Research Article
Austin J Proteomics Bioinform & Genomics. 2016; 3(1): 1016.
Optimization of Process Parameters for Xylanase Production by Bacillus atropheaus [KJ 590121] SD9 Isolated from Sludge using Response Surface Methodology
Tandon D*, Sharma N and Vyas G
Department of Basic Sciences, Microbiology Research Laboratory, Dr. Y. S. Parmar University of Horticulture and Forestry, India
*Corresponding author: Divya Tondon, Microbiology, Department of Basic Sciences, Dr. Y. S. Parmar University of Horticulture and Forestry, India
Received: March 21, 2016; Accepted: April 18, 2016; Published: April 20, 2016
Abstract
In recent year, xylanase has become an essential option for eco-friendly industrial biotechnological applications and there is a rising demand for large scale production. In this study, Bacillus atropheaus SD9 isolated from sludge was tested for the xylanase production under submerged cultivation conditions. Maximum xylanase activities were achieved by optimizing process conditions i.e. temperature, pH, inoculums size and substrate concentration that significantly affect the xylanase production. Central Composite Design (CCD) quadratic response surface was applied to explicate these four factors. Statistical analysis of the results showed that optimized parameters had a significant effect on xylanase production. These optimization conditions resulted in a 3-fold increased level of the xylanase (85.16 U/g) production after 120 h of fermentation; whereas the value predicted by the quadratic model was 80.07 U/g/ml. High xylanase activity may broaden the prospectus of industrial scale. This statistical approach has been proved a powerful tool for the development of cultural conditions and to gather sufficient information with minimum number of trials for enhanced production of xylanase from this strain.

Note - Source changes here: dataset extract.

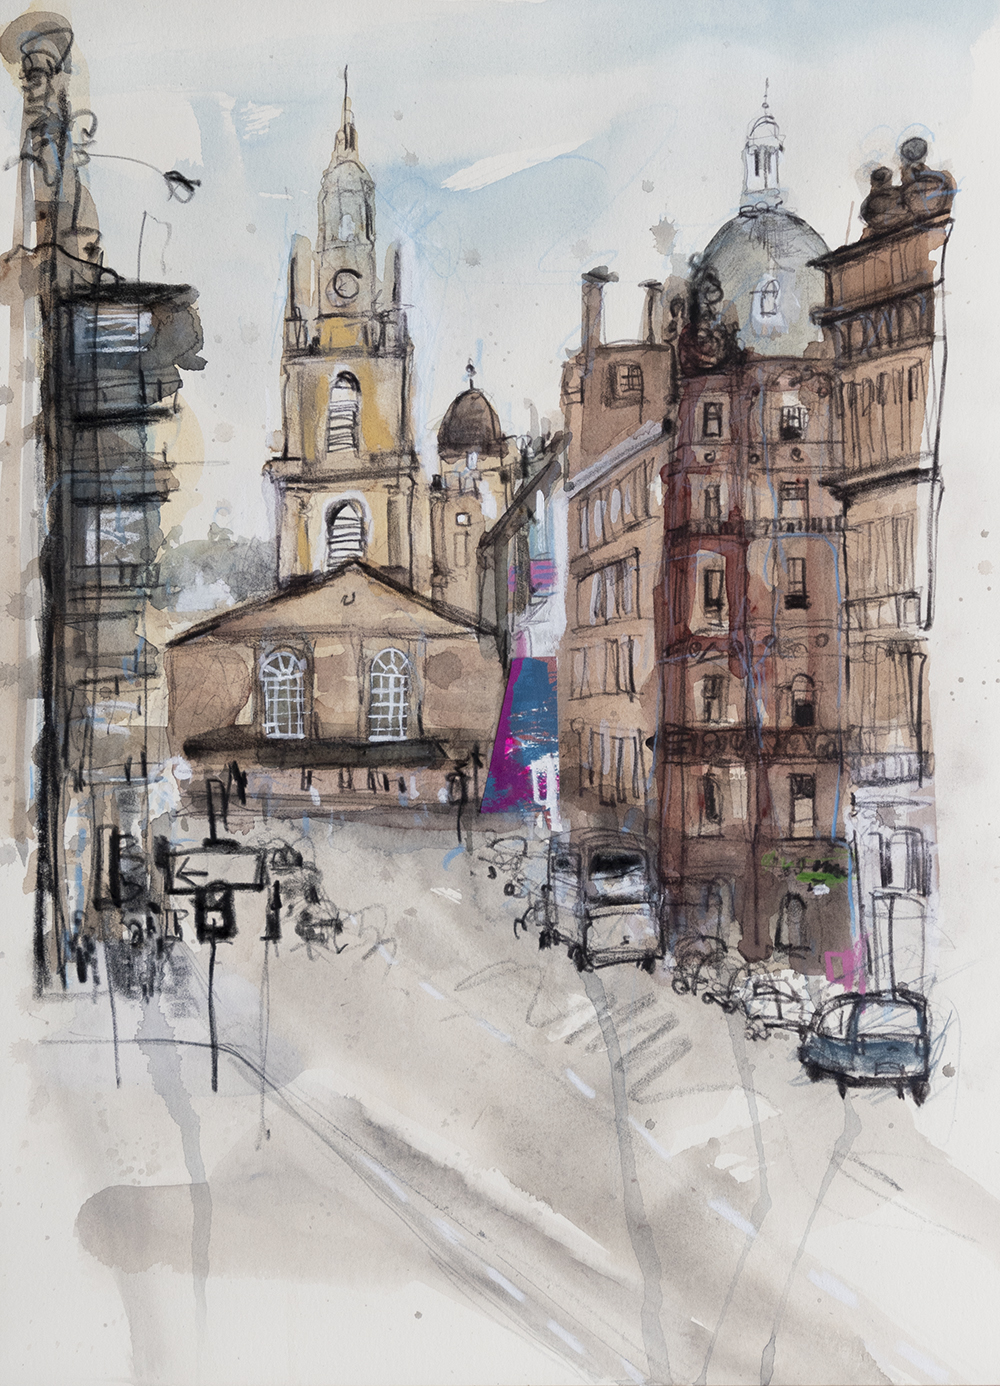 'West George Street' by artist Kelly  Stewart

Keywords: Xylanase; Bacillus atropheaus; Response surface methodology; Central composite design
Introduction
Xylanases has become an essential option for eco-friendly industrial applications and there is rising demand for large scale production. Xylanase is a hemicellulolytic polysaccharide consisting of 1,4 linked β- D- xylopyranose residues, most commonly used for beer and juice clarification, pre-bleaching of kraft pulp, improving digestibility of animal feed, bread making and degumming of vegetable fibres such as jute ramie and hemp [1].

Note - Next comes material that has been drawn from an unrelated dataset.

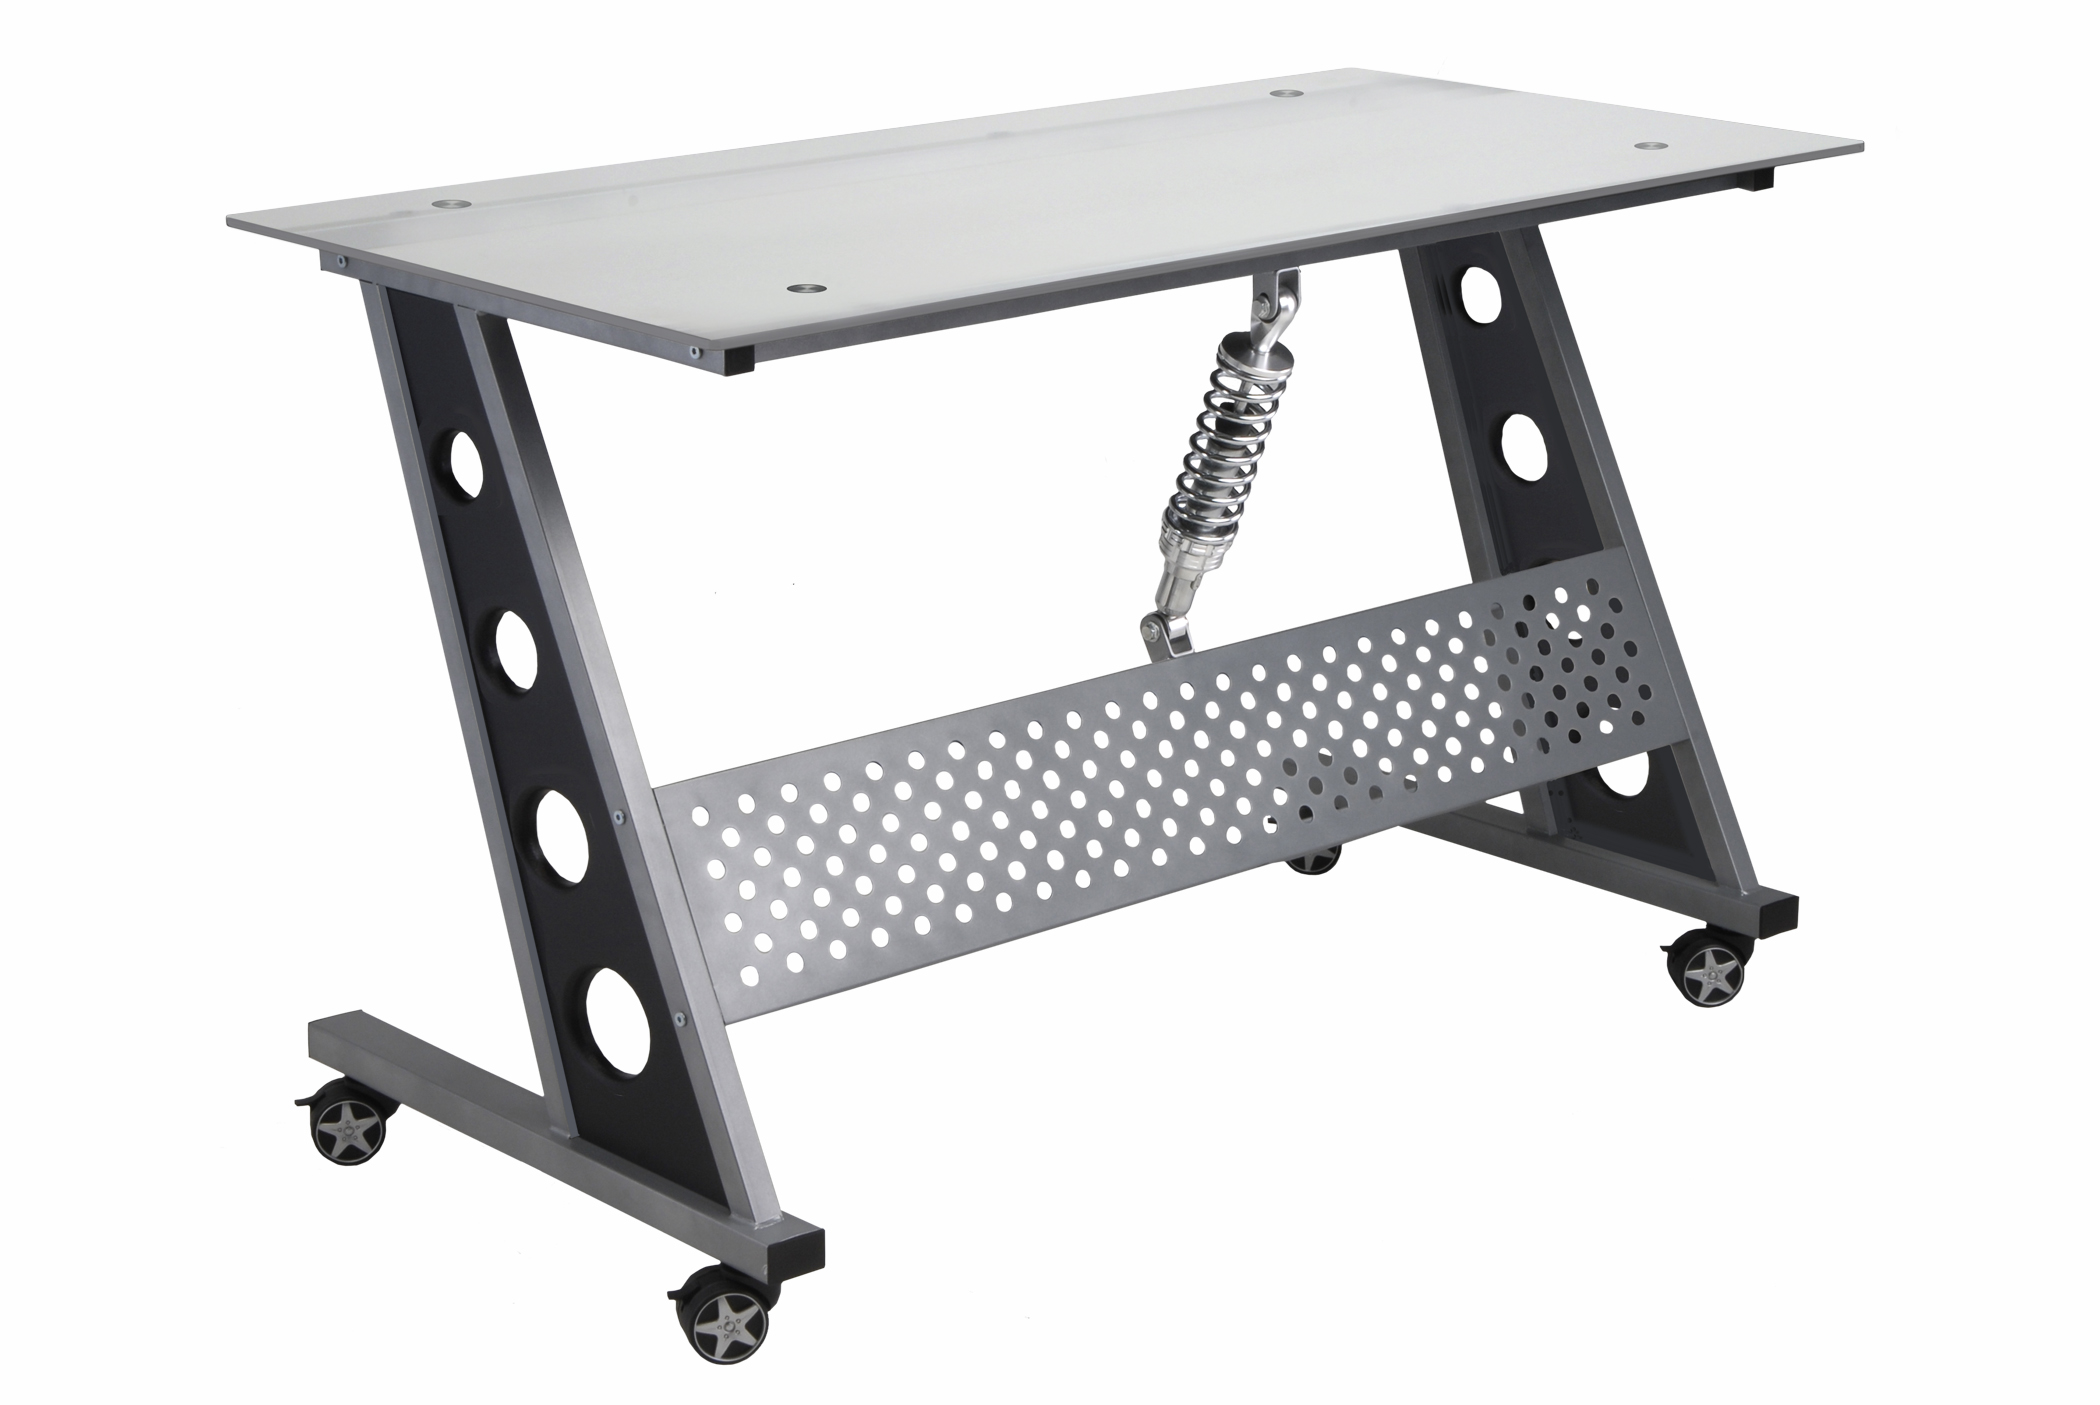 Intro-Tech Automotive, Pitstop Furniture, IND1200C Compact Desk Clear, Office Desk

The choice of appropriate substrate is of great importance for successful production of xylanases. The substrate not only serve as source of carbon and energy source, but also provides the necessary inducing compounds for the organisms, preferentially for an extended period of time [2]. Lignocellulosic biomass represents an inexpensive and unexploited resource can emerge as suitable substrate for cost effective production of xylanase. Among lignocellulosic materials, forest residue is a major carbon sink in the forest ecosystems and accounts for roughly 20% of the terrestrial feed stock carbon storage, offering an enormous, renewable source of feedstock for biofuel production and so far there is no self sufficient process or technology available to convert this lignocellulosic biomass for bioenergy generation [3].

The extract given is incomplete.